Hello guys I just want to ask how can I create a triangle using c++?
Actually I have my code but I don't have an idea how to center the first asterisk in the triangle. My triangle is left align. How can I make it a pyramid?
Here's my code below.
#include<iostream>
using namespace std;
int main(){
int x,y;
char star = '*';
char space = ' p ';
int temp;
for(x=1; x <= 23; x++){
if((x%2) != 0){
for(y=1; y <= x ; y++){
cout << star;
}
cout << endl;
}
}
return 0;
}
For a triangle och height Y, then first print Y-1 spaces, followed by an asterisk and a newline. Then for the next line print Y-2 spaces, followed by three asterisks (two more than previously printed) and a newline.
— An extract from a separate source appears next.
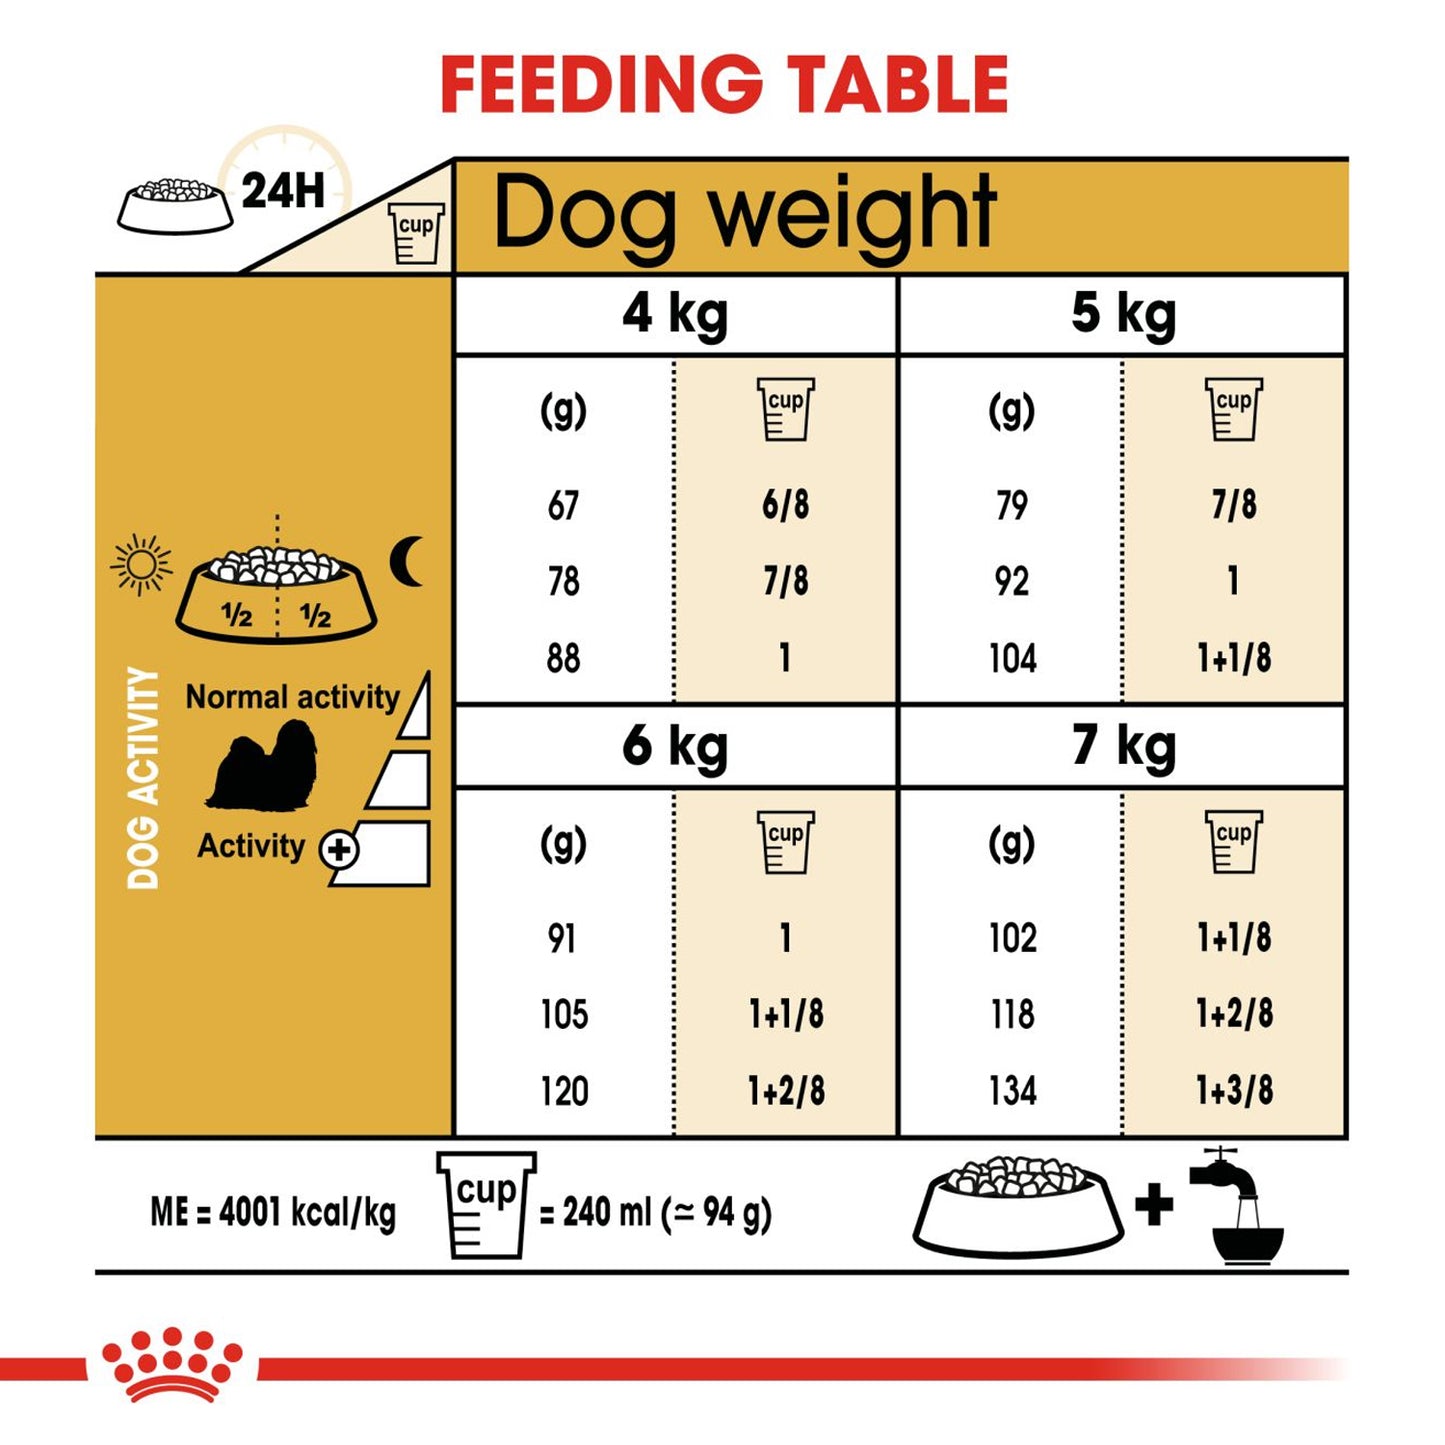 Royal Canin - Shih Tzu Adult Dry Dog Food

For the third line print Y-3 spaces followed by five asterisks (again two more than previous line) and a newline. Continue until you have printed your whole triangle.
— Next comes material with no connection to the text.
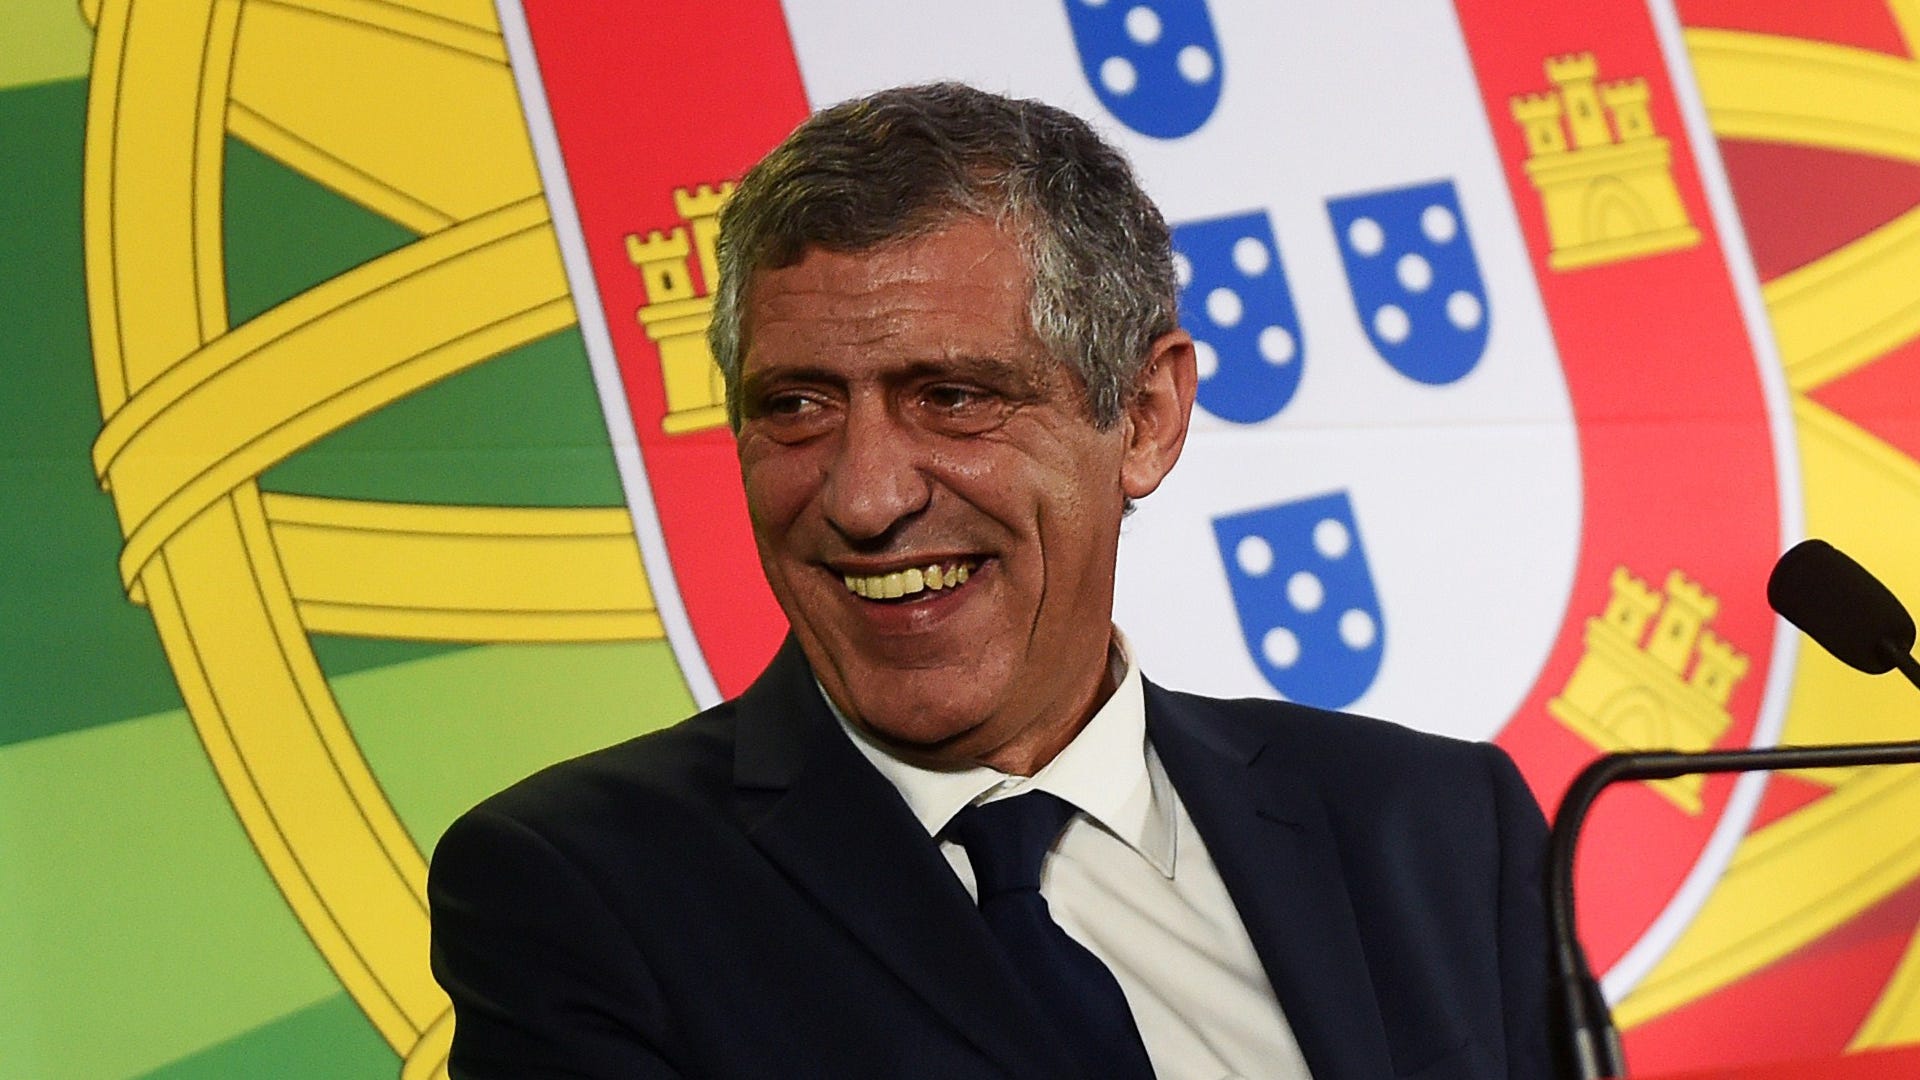 Santos targeting Euro 2016 glory for Portugal | Goal.com English Oman

Something like the following
int asterisks = 1;
for (int y = HEIGHT; y > 0; --y, asterisks += 2)
{
for (int s = y - 1; s >= 0; --s)
std::cout << ' ';
for (int a = 0; a < asterisks; ++a)
std::cout << '*';
std::cout << '\n';
}
To calculate the number of spaces needed to center each row use this algorithm:
numSpaces = (23 - x) / 2;
and then a for loop to apply the spaces numSpaces times.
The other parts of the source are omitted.